Assignment:
Pictures stay out; print the rest of the listing below exactly as it stands.

Source material:
○ ○ ○ ○ ○ ○ ○

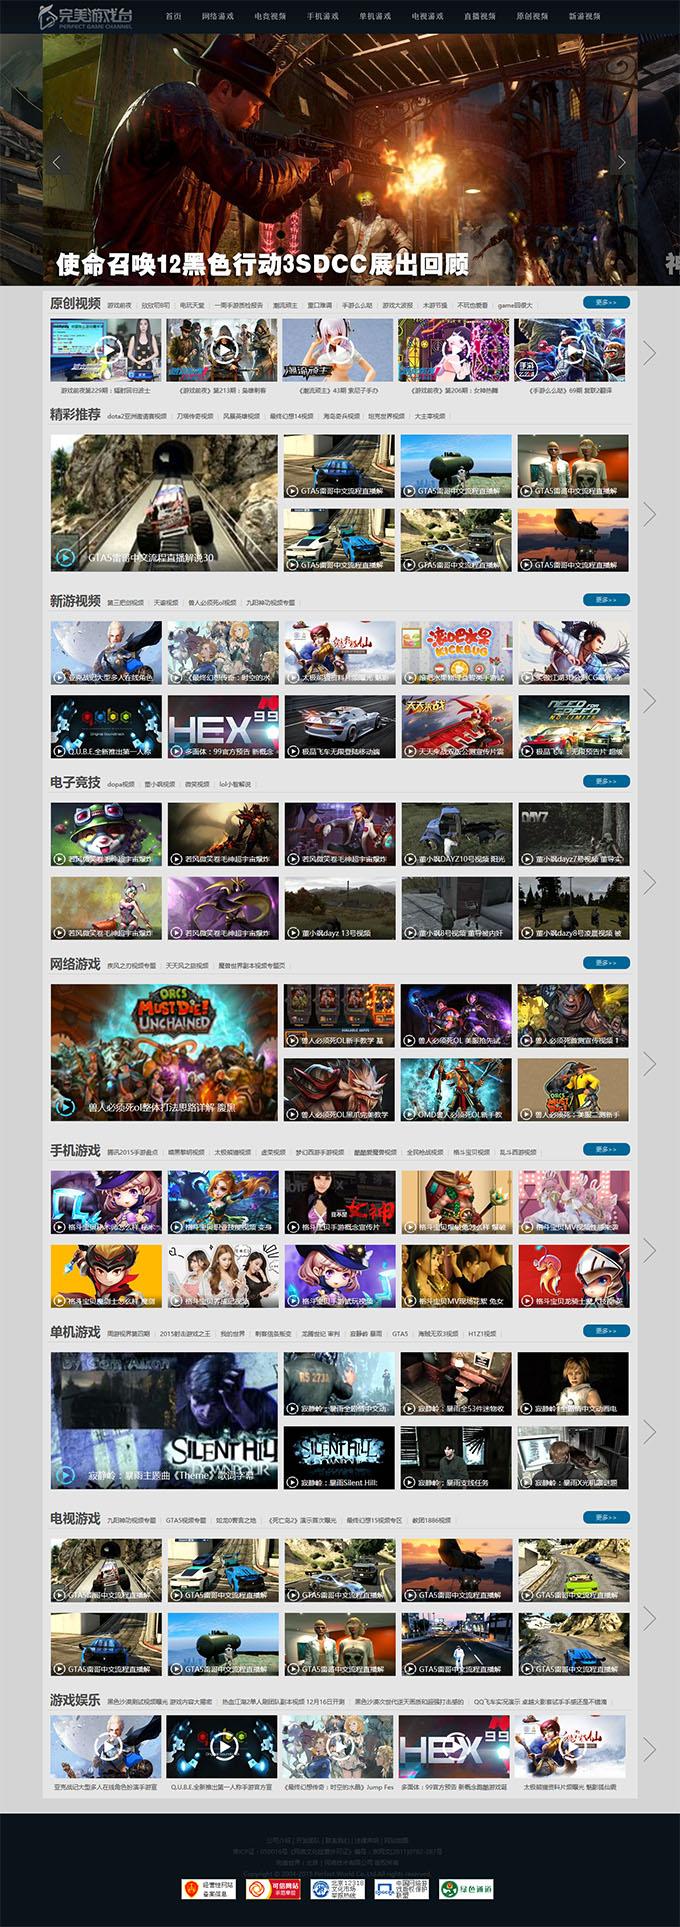 帝国CMS游戏视频门户模板,帝国92kaifa热门游戏视频网站源码
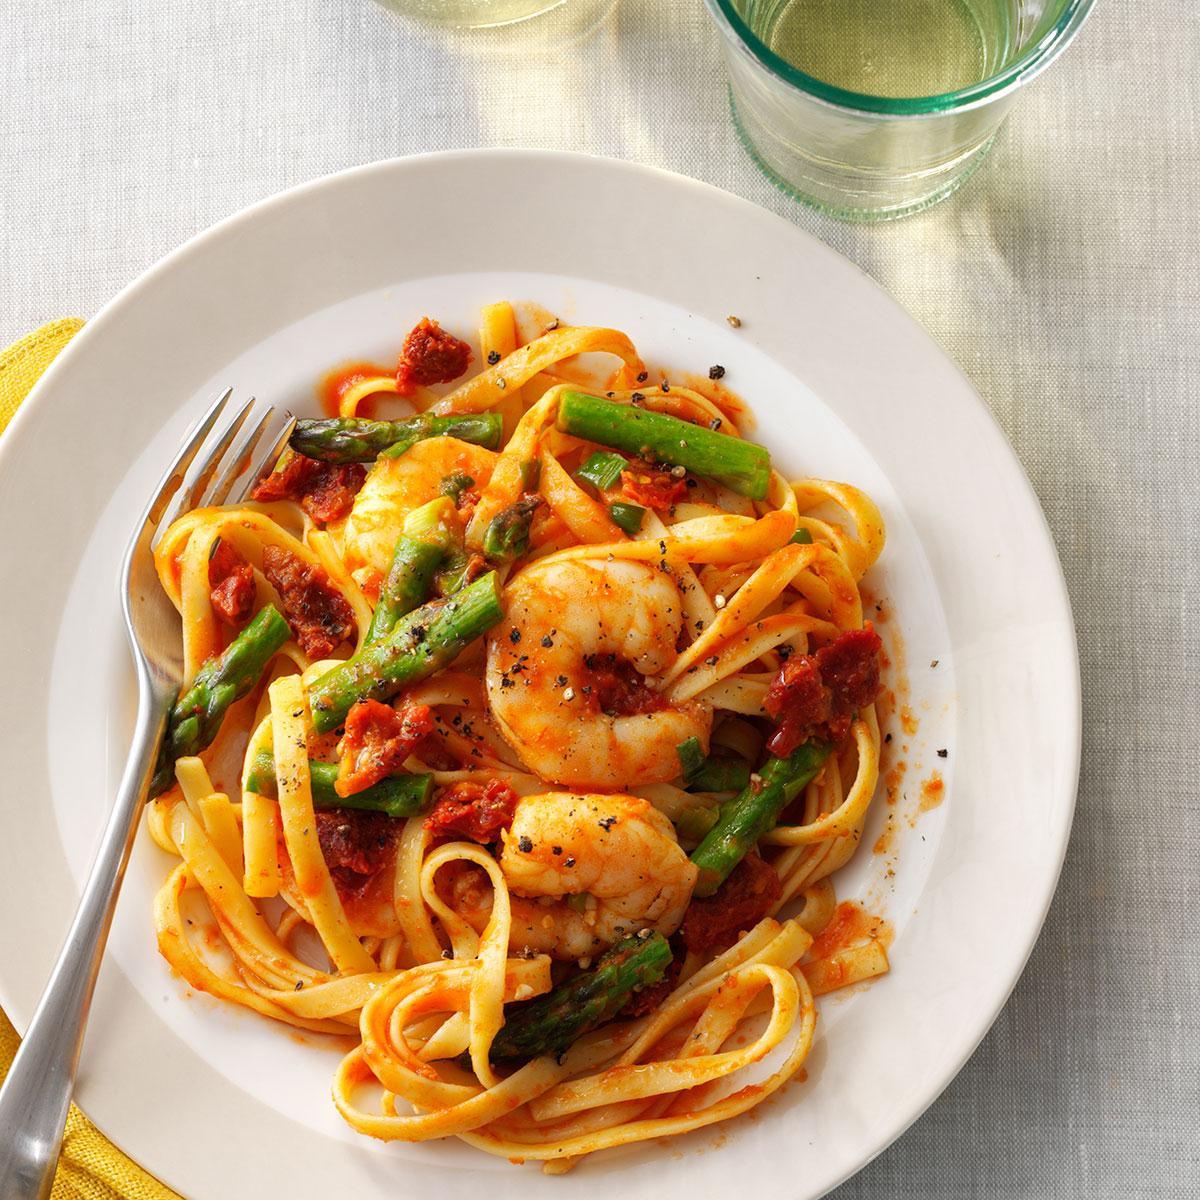 Shrimp Recipes With Pasta  Mediterranean Shrimp n Pasta Recipe
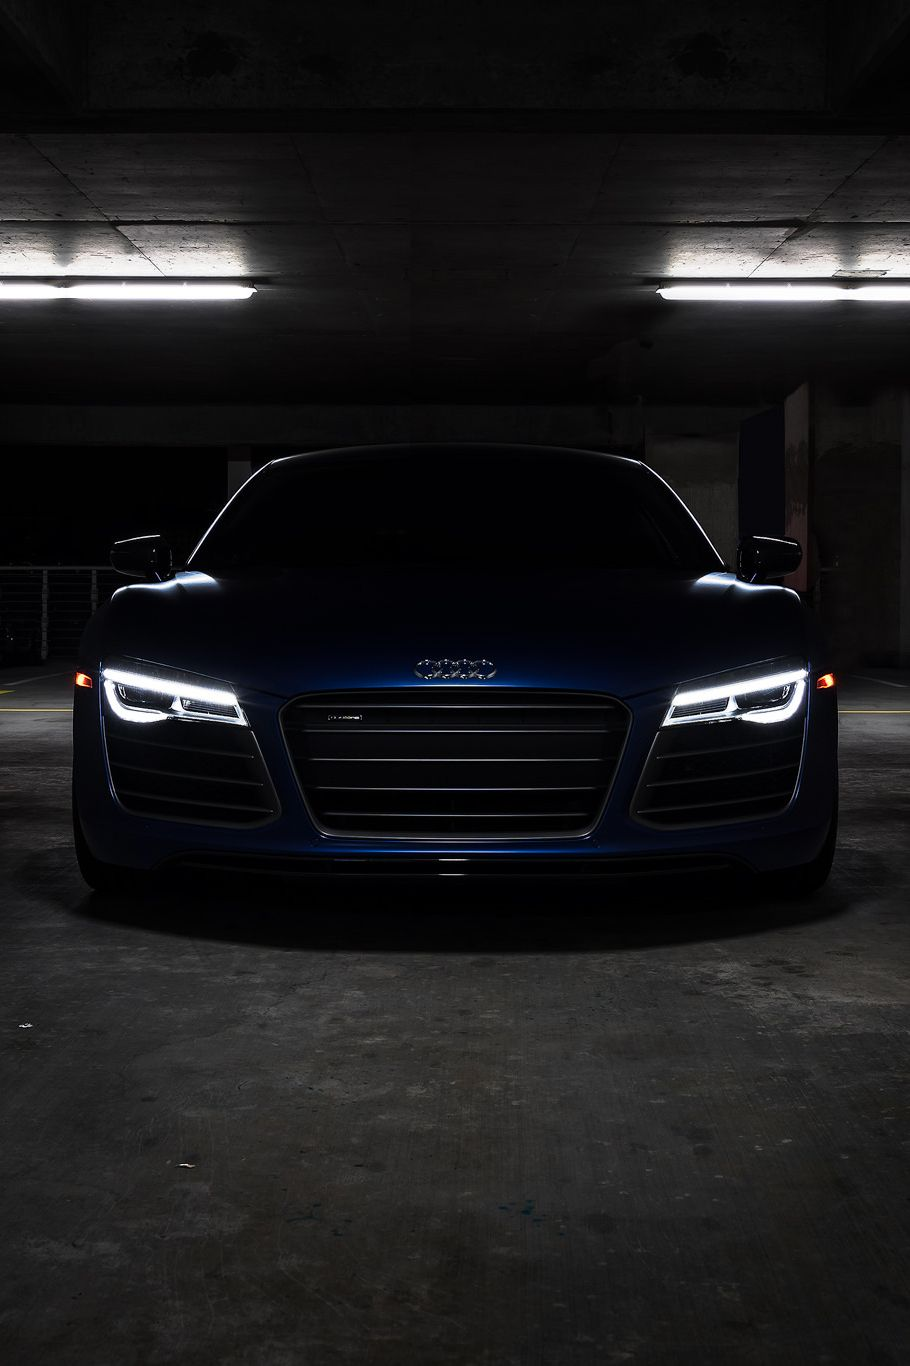 Sneak Peak Audi Audi R8 V10 Audi Cars

○ ○ ○ ○ ○ ○ ○

Task result:
 帝国CMS游戏视频门户模板,帝国92kaifa热门游戏视频网站源码
 Shrimp Recipes With Pasta  Mediterranean Shrimp n Pasta Recipe
 Sneak Peak Audi Audi R8 V10 Audi Cars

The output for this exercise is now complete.